Brazilian aesthetic-literary production, given its historic sense of subaltern dependency,

had until it then related to the European one. Indeed Antropofagia propelled the core

values of an ancient local society into Brazil’s modernising reality, as much as it

transformed those values in a formula with which it was possible to consciously hybridise

the arts of the centre, and thus question the homogenising character of universalist

expansion.

Antropofagia, from our viewpoint, managed to be a form of collaborative

cosmopolitanism within the global aesthetic-literary cluster that emerged in the early 20th

century for thinking, like the cannibal in the anthropophagic act, about seeing the ‘self’

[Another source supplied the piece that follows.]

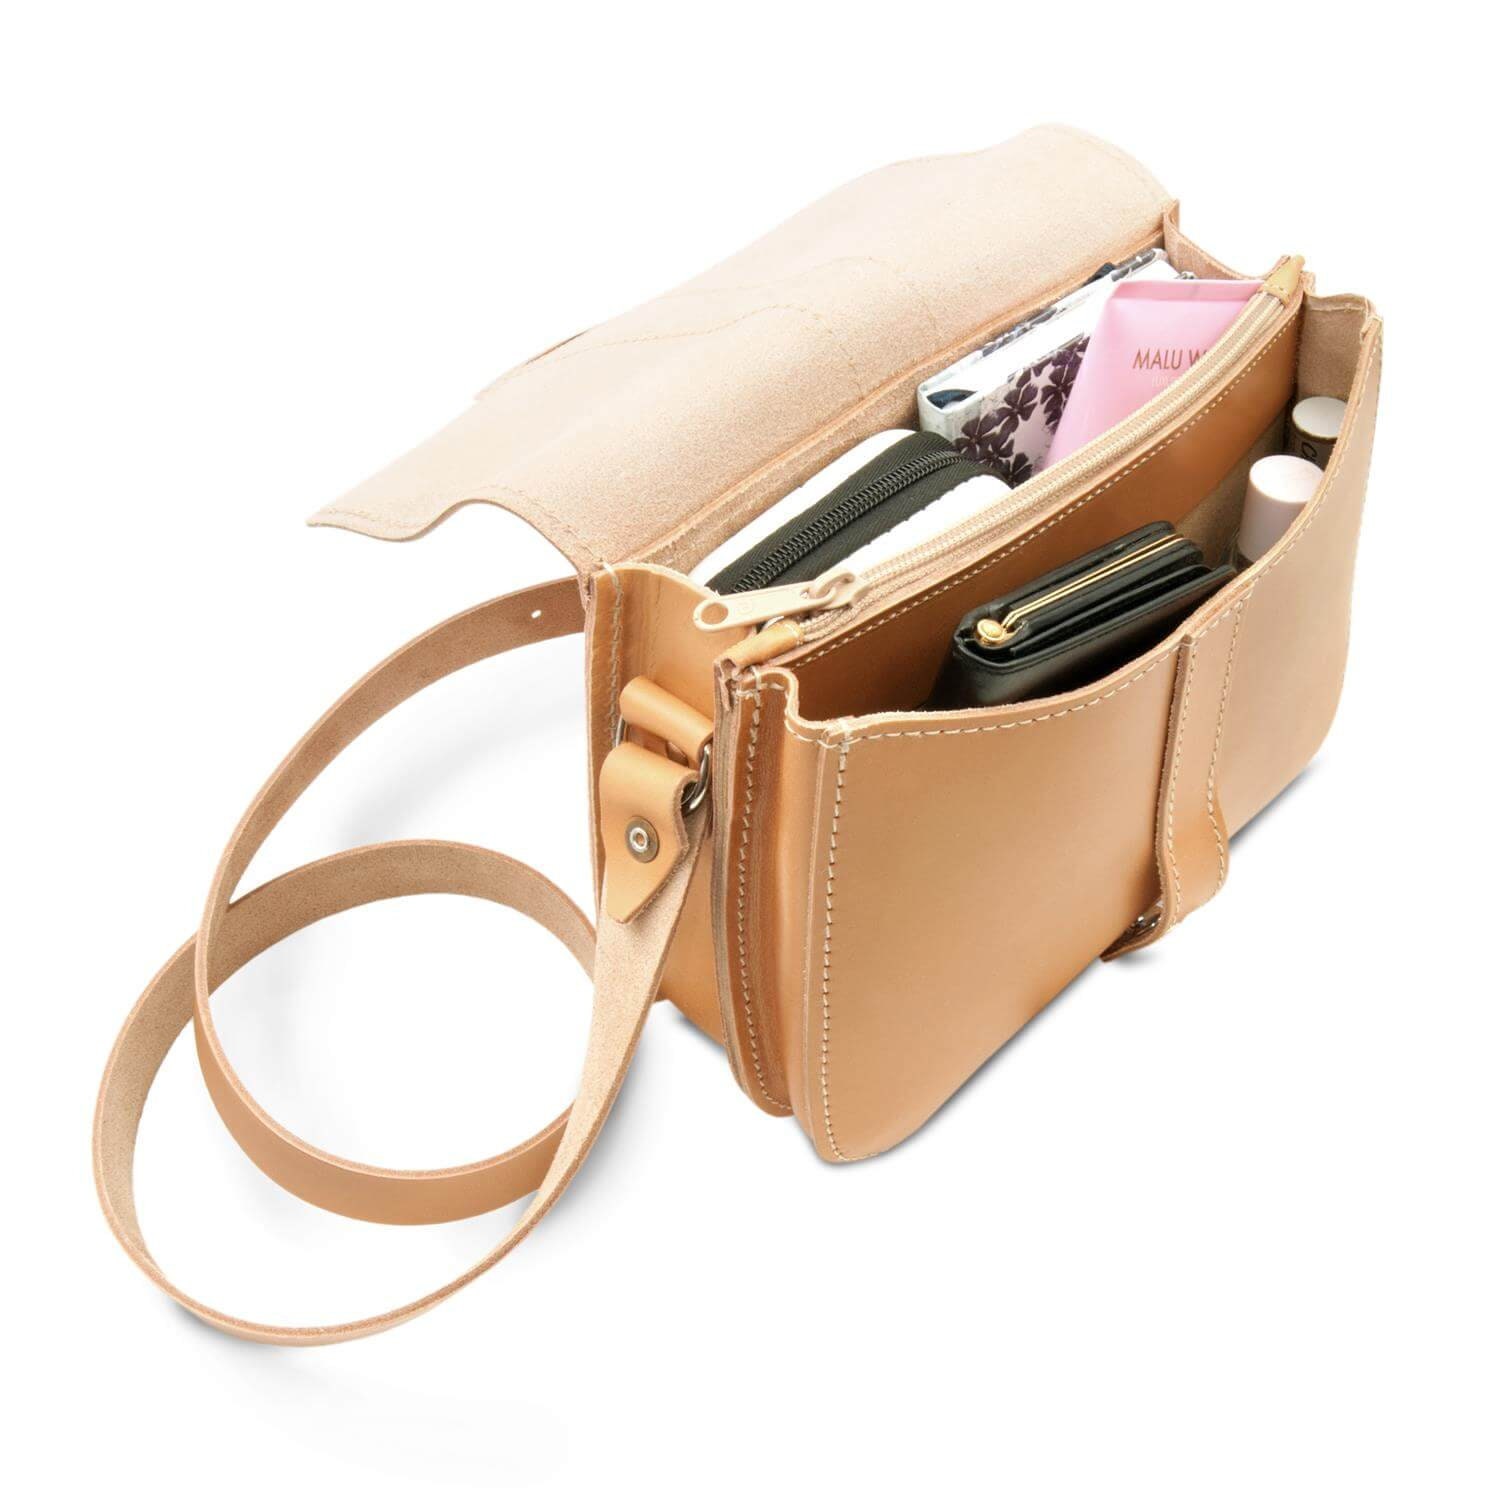 Perfect Leather Bag to Give Away Small Leather Handbag 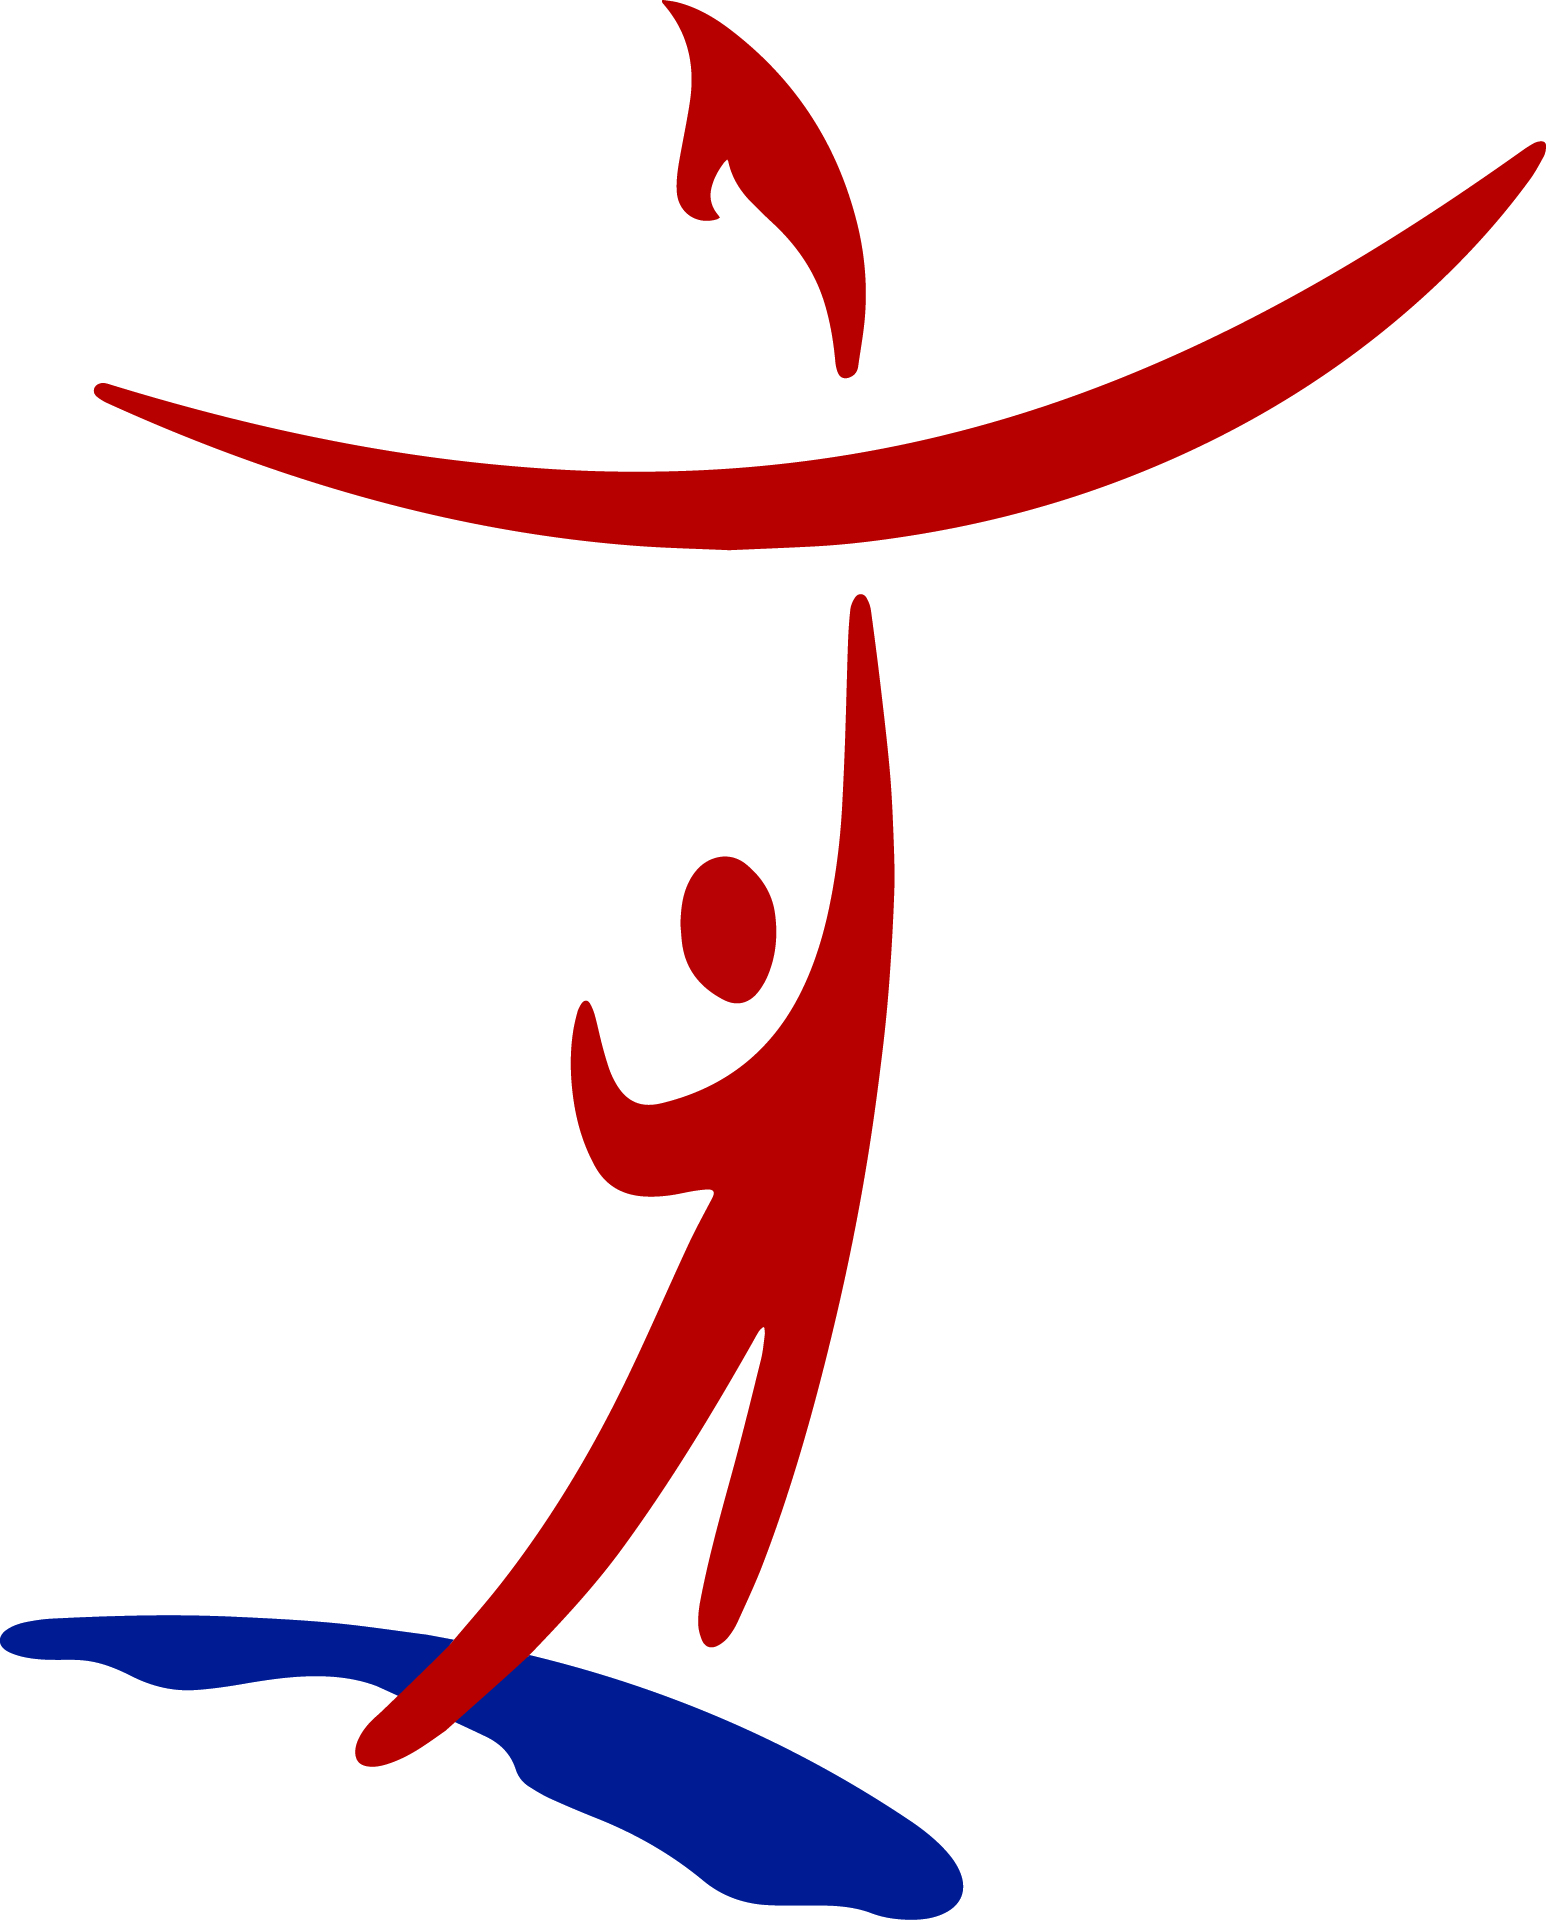 uucd.ca logo

like the ‘other’; ‘a point of view that represents the best corner from which to see

oneself’ (Castro, 2002, p. 281).16 It joined international trends in ways that, although not

confrontational, antagonised the hegemonic traits of European modernism and the

modern emancipative project by inscribing the ideological voice of Brazil’s autochthonous

people into the colonial discourse.

We also show that the level of critical awareness of Amaral and Andrade surfaces

from the measure in which they fought the tenets of Brazil’s white-European high culture,

rejecting the latter’s colonialism-engendered categorisation of the native, Afro-Brazilian

and mixed-ethnicities’ cultural practises as ‘less advanced, primitive, or, at the very best,

exotically interesting at a safe distance’ (Frampton, 1983, p. 22). This is indeed another

perspective from which Antropofagia anticipates Frampton’s Arrière-Garde - although the

latter seems mainly preoccupied with universal civilisation from without (i.e. neo-

colonialism), whereas the former shifts the attention to universal civilisation from within

(i.e. coloniality). Cannibalism, intended as material, rather than a symbolic practice, was

a bellicose local affair.

16 ‘[U]m ponto de vista que representa o ângulo melhor de visão de si mesmo’.